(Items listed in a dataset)
((

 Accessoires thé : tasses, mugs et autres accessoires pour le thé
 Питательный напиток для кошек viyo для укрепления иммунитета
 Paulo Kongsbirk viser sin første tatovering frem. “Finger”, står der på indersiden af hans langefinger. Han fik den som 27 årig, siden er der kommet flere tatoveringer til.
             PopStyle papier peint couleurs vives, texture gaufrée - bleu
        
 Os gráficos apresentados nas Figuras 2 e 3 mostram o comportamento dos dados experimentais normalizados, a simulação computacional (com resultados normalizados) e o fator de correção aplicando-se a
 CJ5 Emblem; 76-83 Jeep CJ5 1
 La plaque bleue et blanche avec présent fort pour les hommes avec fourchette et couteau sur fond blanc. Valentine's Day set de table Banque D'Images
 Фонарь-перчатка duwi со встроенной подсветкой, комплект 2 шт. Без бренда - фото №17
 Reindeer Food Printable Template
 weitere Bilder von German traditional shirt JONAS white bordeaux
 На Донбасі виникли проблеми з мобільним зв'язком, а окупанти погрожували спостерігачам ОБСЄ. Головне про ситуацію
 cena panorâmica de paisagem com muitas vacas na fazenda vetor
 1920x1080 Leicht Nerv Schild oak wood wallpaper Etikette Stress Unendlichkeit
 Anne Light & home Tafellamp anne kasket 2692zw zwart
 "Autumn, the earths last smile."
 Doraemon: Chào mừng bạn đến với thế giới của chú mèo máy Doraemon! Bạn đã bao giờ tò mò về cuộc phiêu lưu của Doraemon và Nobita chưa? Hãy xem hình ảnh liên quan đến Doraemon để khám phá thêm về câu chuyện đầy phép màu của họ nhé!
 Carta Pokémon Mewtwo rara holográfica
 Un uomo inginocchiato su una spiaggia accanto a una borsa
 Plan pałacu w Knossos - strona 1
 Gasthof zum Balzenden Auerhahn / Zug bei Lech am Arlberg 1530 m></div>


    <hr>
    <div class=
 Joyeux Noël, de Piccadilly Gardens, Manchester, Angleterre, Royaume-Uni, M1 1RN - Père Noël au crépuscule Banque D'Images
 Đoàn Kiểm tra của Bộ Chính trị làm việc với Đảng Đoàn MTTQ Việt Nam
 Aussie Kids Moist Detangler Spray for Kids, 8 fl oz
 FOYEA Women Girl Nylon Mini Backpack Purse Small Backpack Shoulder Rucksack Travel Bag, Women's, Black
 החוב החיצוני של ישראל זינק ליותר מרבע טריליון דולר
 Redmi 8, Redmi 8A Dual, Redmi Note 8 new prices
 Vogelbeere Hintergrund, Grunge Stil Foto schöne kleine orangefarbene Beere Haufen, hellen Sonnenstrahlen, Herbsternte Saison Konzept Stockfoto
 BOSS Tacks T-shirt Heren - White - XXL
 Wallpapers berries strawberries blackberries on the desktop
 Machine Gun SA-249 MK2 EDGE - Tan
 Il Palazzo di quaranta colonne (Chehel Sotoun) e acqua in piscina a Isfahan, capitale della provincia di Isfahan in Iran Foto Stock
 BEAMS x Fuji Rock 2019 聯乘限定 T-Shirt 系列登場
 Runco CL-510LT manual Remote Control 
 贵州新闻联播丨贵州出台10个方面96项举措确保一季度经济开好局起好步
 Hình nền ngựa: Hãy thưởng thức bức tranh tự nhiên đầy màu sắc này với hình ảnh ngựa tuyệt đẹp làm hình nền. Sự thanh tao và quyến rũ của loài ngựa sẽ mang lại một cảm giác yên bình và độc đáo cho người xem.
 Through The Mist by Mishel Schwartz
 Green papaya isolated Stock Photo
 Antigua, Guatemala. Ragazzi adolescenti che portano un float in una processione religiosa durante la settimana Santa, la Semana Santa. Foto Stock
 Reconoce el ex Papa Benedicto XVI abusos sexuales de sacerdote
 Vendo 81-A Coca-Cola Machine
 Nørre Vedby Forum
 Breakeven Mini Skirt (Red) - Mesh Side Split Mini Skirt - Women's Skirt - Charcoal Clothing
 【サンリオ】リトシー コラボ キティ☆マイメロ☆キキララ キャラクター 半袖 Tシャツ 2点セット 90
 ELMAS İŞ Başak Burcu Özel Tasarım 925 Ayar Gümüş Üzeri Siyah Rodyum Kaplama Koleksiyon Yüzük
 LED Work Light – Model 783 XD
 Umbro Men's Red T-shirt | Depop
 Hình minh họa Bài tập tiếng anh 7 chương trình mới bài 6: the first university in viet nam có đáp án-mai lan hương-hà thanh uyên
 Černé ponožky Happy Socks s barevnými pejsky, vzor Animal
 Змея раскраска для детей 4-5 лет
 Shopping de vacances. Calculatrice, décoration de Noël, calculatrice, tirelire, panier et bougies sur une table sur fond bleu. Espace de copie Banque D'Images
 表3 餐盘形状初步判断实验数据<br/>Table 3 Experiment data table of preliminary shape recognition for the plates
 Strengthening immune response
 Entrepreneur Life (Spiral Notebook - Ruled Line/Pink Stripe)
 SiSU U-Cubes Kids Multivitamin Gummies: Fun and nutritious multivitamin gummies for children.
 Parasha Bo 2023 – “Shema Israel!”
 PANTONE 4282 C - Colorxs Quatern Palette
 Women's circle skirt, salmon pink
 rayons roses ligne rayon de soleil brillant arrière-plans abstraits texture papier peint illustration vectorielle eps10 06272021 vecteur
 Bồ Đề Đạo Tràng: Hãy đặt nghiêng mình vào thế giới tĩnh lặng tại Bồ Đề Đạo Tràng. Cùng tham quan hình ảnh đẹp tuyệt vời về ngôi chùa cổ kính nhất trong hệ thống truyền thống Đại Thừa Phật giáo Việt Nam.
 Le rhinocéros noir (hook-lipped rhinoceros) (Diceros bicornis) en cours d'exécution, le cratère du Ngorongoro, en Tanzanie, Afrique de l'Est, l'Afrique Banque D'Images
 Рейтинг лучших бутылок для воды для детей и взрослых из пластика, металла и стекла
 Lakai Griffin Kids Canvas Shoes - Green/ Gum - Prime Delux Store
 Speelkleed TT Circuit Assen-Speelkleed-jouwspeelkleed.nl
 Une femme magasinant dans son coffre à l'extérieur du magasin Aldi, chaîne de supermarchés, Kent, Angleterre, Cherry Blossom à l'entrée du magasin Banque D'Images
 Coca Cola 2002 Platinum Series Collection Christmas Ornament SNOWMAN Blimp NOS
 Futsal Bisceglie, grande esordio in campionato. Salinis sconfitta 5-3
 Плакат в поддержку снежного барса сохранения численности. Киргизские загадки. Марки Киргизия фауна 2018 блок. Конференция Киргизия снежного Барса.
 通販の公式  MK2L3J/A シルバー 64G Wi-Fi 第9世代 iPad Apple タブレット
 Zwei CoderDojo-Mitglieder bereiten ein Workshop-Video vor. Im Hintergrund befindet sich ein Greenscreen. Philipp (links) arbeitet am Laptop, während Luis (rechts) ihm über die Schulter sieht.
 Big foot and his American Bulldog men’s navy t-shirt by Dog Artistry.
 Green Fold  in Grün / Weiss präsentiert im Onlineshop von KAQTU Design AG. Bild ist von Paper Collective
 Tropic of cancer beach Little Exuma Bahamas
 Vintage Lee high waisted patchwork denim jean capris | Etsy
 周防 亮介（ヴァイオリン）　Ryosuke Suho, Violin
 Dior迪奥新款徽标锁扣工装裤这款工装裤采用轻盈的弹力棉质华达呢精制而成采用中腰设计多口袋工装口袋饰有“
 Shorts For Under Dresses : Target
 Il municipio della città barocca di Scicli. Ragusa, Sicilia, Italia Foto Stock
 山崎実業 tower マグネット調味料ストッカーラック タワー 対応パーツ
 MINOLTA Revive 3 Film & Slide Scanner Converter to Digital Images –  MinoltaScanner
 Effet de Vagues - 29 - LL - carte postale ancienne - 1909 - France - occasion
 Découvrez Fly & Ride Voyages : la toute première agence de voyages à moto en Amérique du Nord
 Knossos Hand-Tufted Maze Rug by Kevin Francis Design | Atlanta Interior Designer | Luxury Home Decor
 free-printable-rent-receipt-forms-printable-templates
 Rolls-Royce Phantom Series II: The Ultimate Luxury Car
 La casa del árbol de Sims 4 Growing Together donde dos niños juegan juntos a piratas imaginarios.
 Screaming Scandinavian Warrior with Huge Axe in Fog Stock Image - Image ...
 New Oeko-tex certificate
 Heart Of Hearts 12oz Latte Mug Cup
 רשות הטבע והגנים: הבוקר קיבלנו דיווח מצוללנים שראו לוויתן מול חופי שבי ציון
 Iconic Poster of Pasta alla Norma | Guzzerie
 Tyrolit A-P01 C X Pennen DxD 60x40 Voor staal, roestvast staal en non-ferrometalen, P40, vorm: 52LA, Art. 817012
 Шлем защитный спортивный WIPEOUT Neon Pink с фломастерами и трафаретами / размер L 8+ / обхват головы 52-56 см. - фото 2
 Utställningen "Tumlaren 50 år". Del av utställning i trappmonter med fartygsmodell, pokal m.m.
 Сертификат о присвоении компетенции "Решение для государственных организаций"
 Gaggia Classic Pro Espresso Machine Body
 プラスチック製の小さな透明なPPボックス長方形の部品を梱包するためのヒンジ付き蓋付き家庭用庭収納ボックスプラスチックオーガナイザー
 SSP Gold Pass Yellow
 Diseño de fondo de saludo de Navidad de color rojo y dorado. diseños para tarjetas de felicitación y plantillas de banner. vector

))

### Required work:
In the records, how many lines hold the word "Light"? Answer with the number and no other words.

### Result of this exercise:
2